My question to you, dearest python experts, is how on earth do I put every individual item in the list [candidate] within the quotes in the following expression:
Q('')
so that the ols function can actually read it? Apologies if this is super obvious, me no good at python.
回答1:
Right now you're starting with a list of terms that you want in your formula, then trying to paste them together into a complicated string, which patsy will parse and convert back into a list of terms. You can see the data structure that patsy generates for this kind of formula (ModelDesc.from_formula
is patsy's parser):
In [7]: from patsy import ModelDesc
In [8]: ModelDesc.from_formula("y ~ x1 + x2 + x3")
Out[8]:
ModelDesc(lhs_termlist=[Term([EvalFactor('y')])],
rhs_termlist=[Term([]),
Term([EvalFactor('x1')]),
Term([EvalFactor('x2')]),
Term([EvalFactor('x3')])])
This might look a little intimidating, but it's pretty simple really -- you have a ModelDesc
, which represents a single formula, and it has a left-hand-side list of terms and a right-hand-side list of terms. Each term is represented by a Term
object, and each Term
has a list of factors. (Here each term just has a single factor -- if you had any interactions then those terms would have multiple factors.) Also, the "empty interaction" Term([])
is how patsy represents the intercept term.
So you can avoid all this complicated quoting/parsing stuff by directly creating the terms you want and passing them to patsy, skipping the string parsing step
from patsy import ModelDesc, Term, LookupFactor
response_terms = [Term([LookupFactor(response)])]
# start with intercept...
model_terms = [Term([])]
# ...then add another term for each candidate
model_terms += [Term([LookupFactor(c)]) for c in candidates]
model_desc = ModelDesc(response_terms, model_terms)
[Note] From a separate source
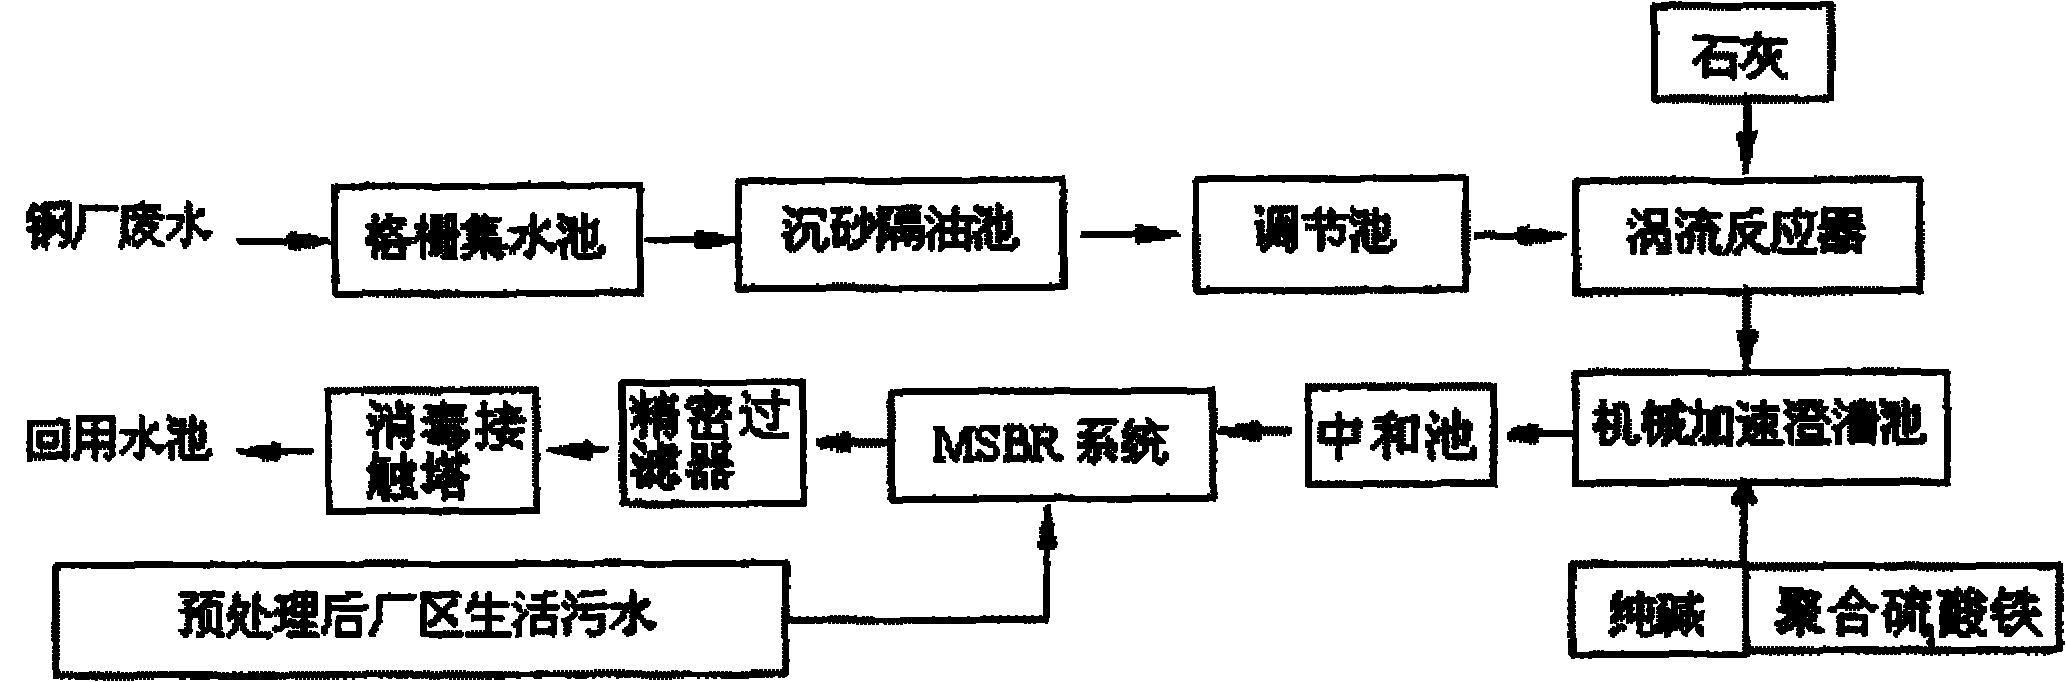 Method for treating and recycling waste water of steel plants

and now you can pass that model_desc
object into any function where you'd normally pass a patsy formula:
ols(model_desc, data).fit().rsquared_adj
There's another trick here: you'll notice that the first example has EvalFactor
objects, and now we're using LookupFactor
objects instead. The difference is that EvalFactor
takes a string of arbitrary Python code, which is nice if you want to write something like np.log(x1)
, but really annoying if you have variables with name like weight.in.kg
. LookupFactor
directly takes the name of a variable to look up in your data, so no further quoting is needed.
Alternatively, you could do this with some fancier Python string processing, like:
quoted = ["Q('{}')".format(c) for c in candidates]
formula = "{} ~ {} + 1".format(response, ' + '.join(quoted))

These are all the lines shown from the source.